The Integrated Execution Subtrack
This track was cancelled due to too few competitors.
In many applications a planner generates plans as part of a much
larger system and this is an important area to assess, thus extending
the reach of classical planning systems. In such applications, learning
can aid in producing better solutions faster and possibly reducing
execution anomalies. This inaugural subtrack will focus on learning
and planning within the context of a simple execution loop. The
competition will focus on fully observable, discrete, non-adversarial,
deterministic, single-agent domains. Example domains might
include Snake (http://en.wikipedia.org/wiki/
Evaluation Score. Each
domain will have a single metric by which the planner will be measured,
though this metric may be a weighted sum of multiple objectives.
For the example domains, the metrics could be the number of mice eaten
in the Snake domain, for Civilization, a combination of the total
number of buildings constructed while minimizing pollution, and, for
Satellite, some combination of maximizing image quality while
minimizing camera slew. The final metrics will be clearly stated
prior to the beginning of the learning stage.

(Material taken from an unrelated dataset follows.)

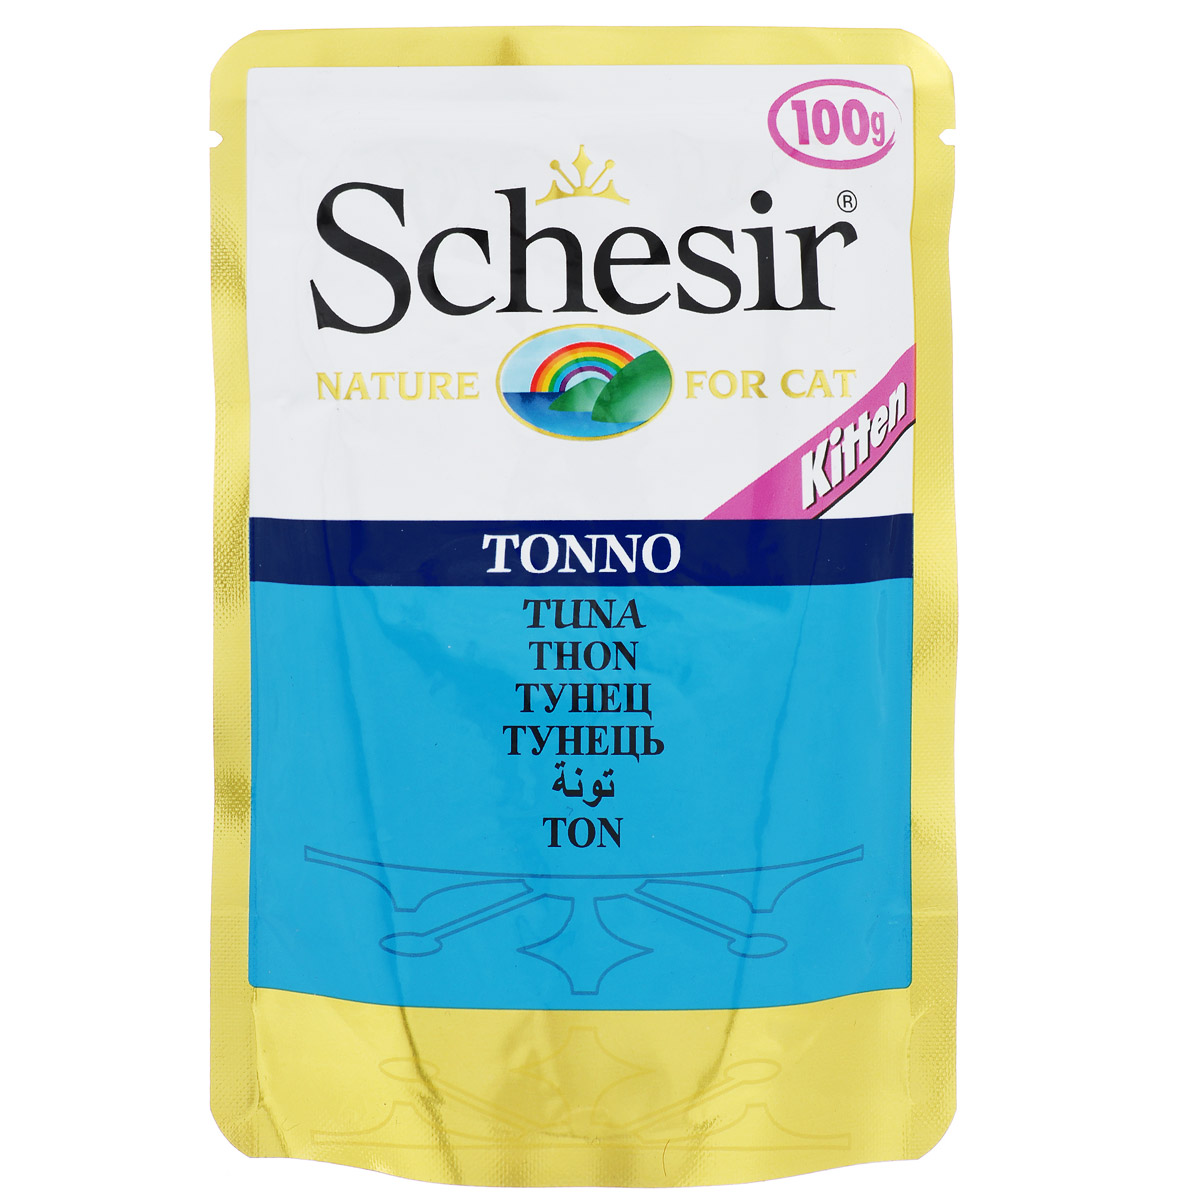 Консервы для котят Schesir, с тунцом, 100 г132.С575Консервы Schesir - это полнорационный корм для котят. Состав: тунец (50% минимум), овощное желе. Содержание элементов: сырой протеин 12%, жиры 2%, клетчатка 1,2%, зола 0,1%, влажность 82%.Витамины: А - 1700 МЕ, D3 - 120 МЕ, Е - 180 мг, таурин 200 мг. Вес: 100 г. Товар сертифицирован.

For each domain, a simulator will report state changes to a
controller that will calculate the current score, identify new goals,
identify when an existing plan is needing adjustment, plus how much
time is allowed before a new plan must be returned. The
controller will produce typed PDDL for the planner, which can then
decide to either repair the plan or replan from these points.
Competitors are encouraged to apply learning to a variety
of places in the execution loop (e.g., in reformulating the domain, in
selecting replanning over plan repair, in adjusting parameters to
improve the anytime planning of the system, etc.).
The Execution Subtrack Awards
A best overall learner award will be given to the planner that achieves the best cumulative score in all domains.
A most adaptable learner award will be given to the planner achieving the highest cumulative score in the face of increasingly frequent changes or limitations in the execution environment
A best anytime learner award highlights the planner that best adapts itself to the contractual time limit given by the controller.